In Rakai, Uganda, a community randomized trial evaluated the efficacy of repeated mass treatment of STIs. Relative to control communities, in intervention communities the prevalence of T. vaginalis in women was reduced significantly, but no significant reduction was apparent in prevalence of gonorrhea, chlamydial infection, new syphilis seroreactivity, and bacterial vaginosis; in HIV incidence; or in history of urethral or vaginal discharge or genital ulcer disease (Wawer and others 1999). A subanalysis of pregnant participants showed a reduction in the prevalence of several STIs in women tested near delivery and in potentially STI-related pregnancy, puerperal, and neonatal morbidity (Gray and others 2001).

Conclusions on Interventions

The review of STI intervention research suggests several, perhaps counterintuitive, insights:

• First, most evidence is on individual-level interventions aimed at reducing STI acquisition, even though individual-level interventions may be costly and difficult to sustain.

• Second, behavior change is the most commonly evaluated modality, followed by treatment.

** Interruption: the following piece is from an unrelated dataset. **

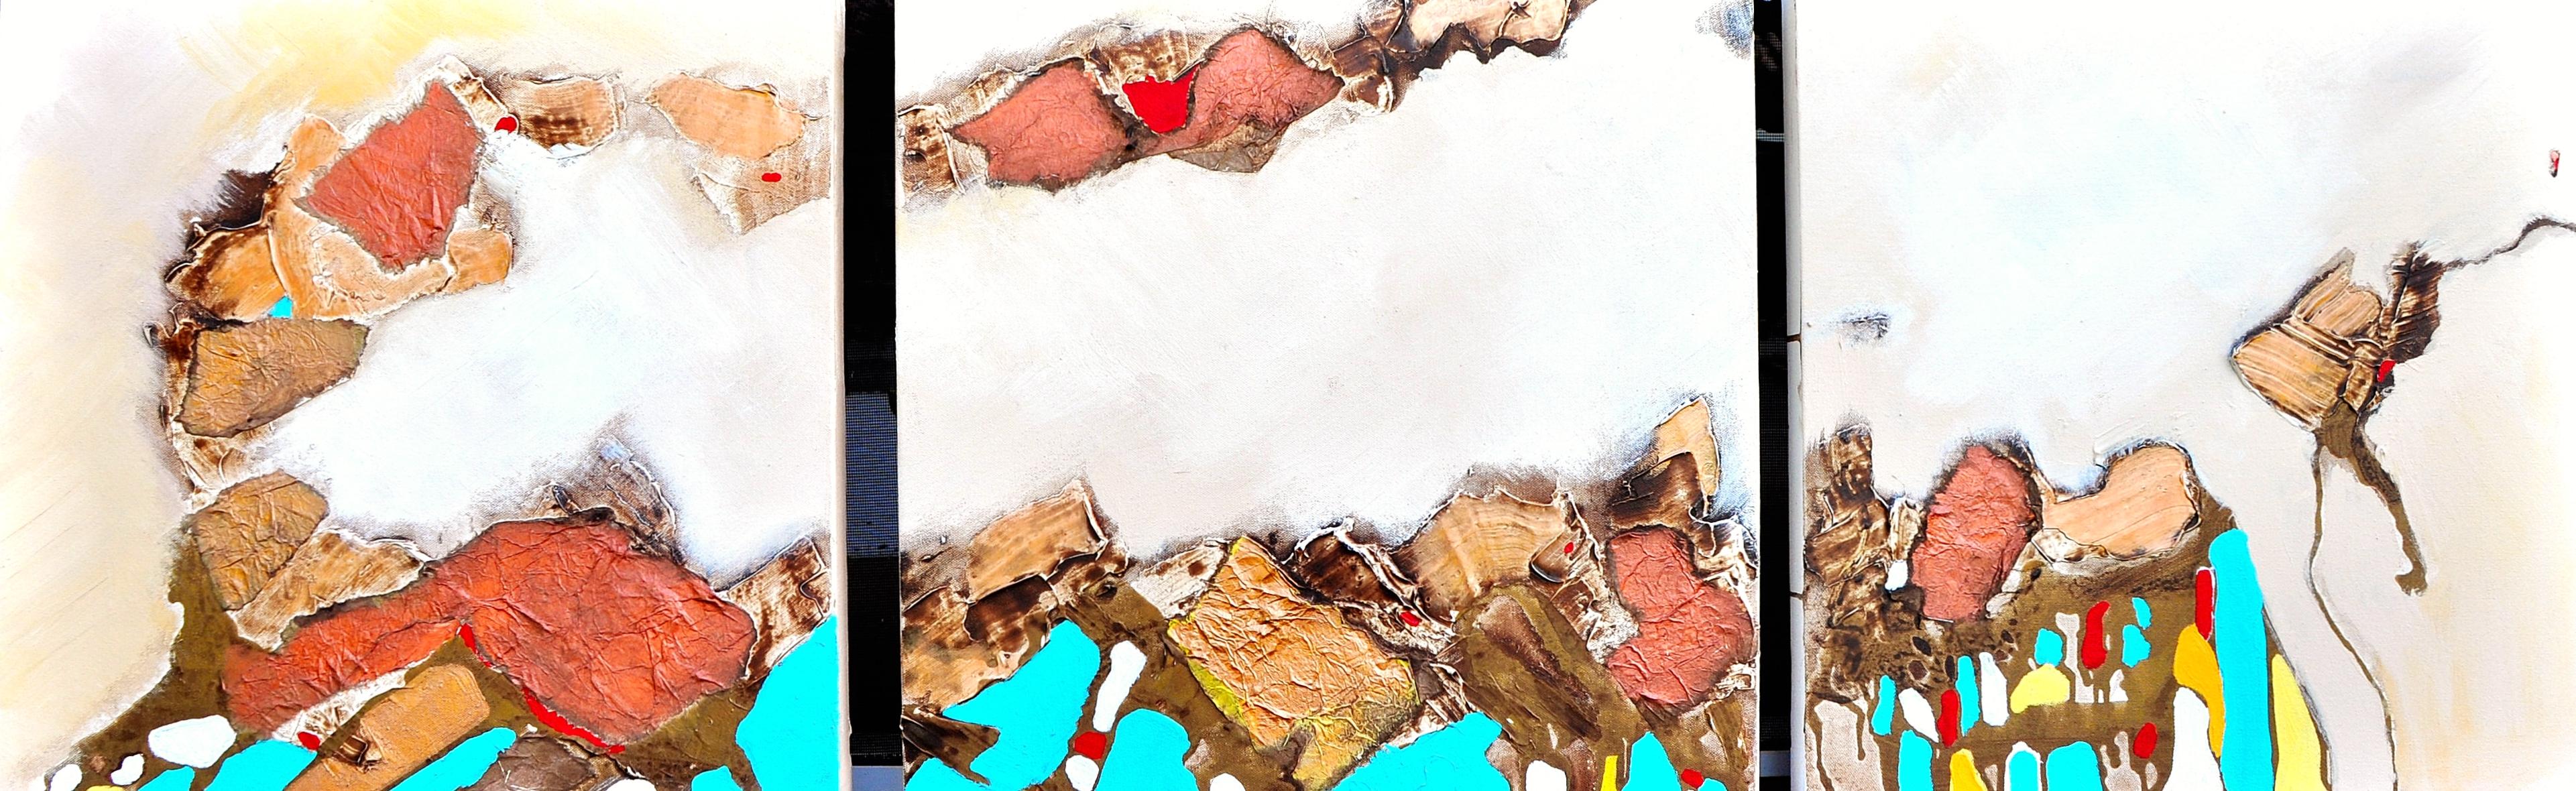 Sandstone 5 triptych,20x60,2014,Sold

• Third, theory-based behavioral interventions failed to show an effect as often as behavioral interventions not based on theory.

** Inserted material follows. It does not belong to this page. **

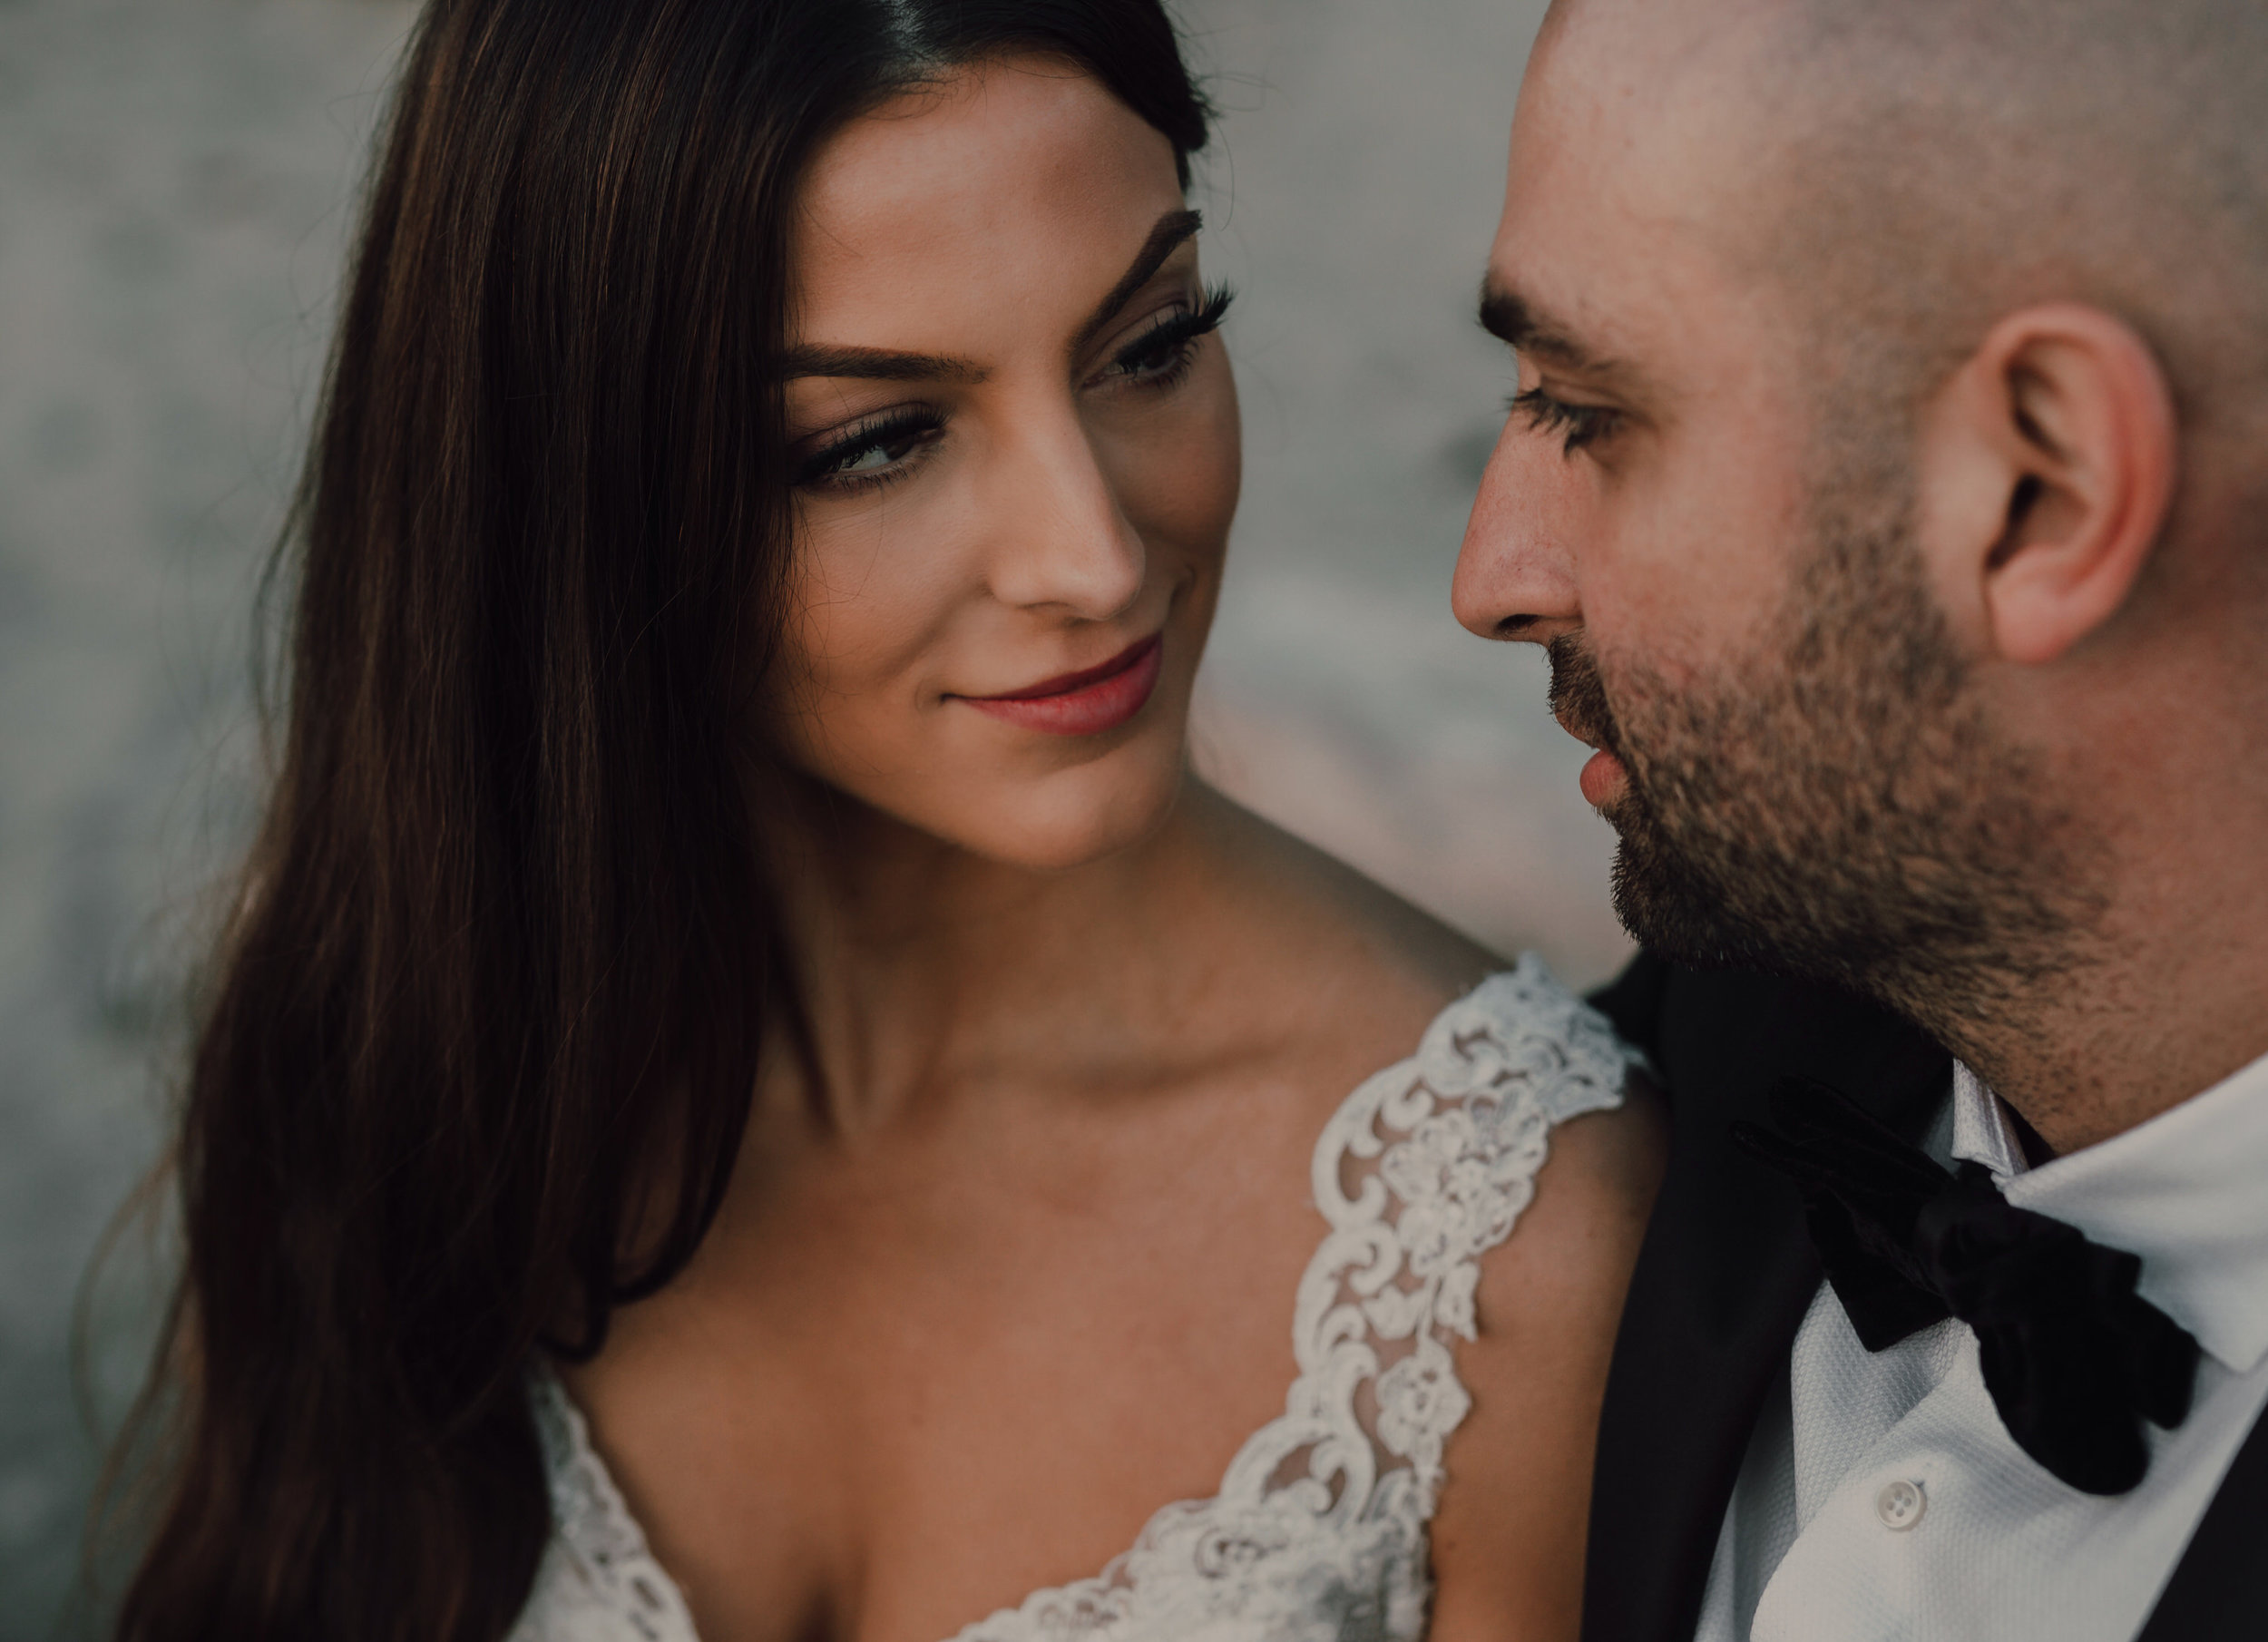 Day After Wedding Photos - Sunshine Coast Wedding Photos - Sunset Wedding Photos - Vancouver Wedding Photographer & Videographer - Sunshine Coast Wedding Photos - Sunshine Coast Wedding Photographer - Jennifer Picard Photography - 1A5A9624.jpg

• Fourth, behavioral interventions delivered in small group settings were as effective as those delivered to individuals (Manhart and Holmes 2005).

• Fifth, the effect of a particular behavior change on STI risk depended on the type of STI; however, the number of partners may be more predictive of risk for highly infectious STIs than for HIV, and unprotected sex acts may be more predictive of risk for HIV than for highly infectious STIs (Semaan and others 2002). Thus, behavioral interventions may have different effects on STIs of differing infectiousness.

• Finally, the number of intervention trials that demonstrate declines in risk behaviors combined with either no effect on STIs or increases in STIs is increasing. This observation calls into question the use of behavioral outcome measures as indicators of biomedical outcomes (Aral and Peterman 2002).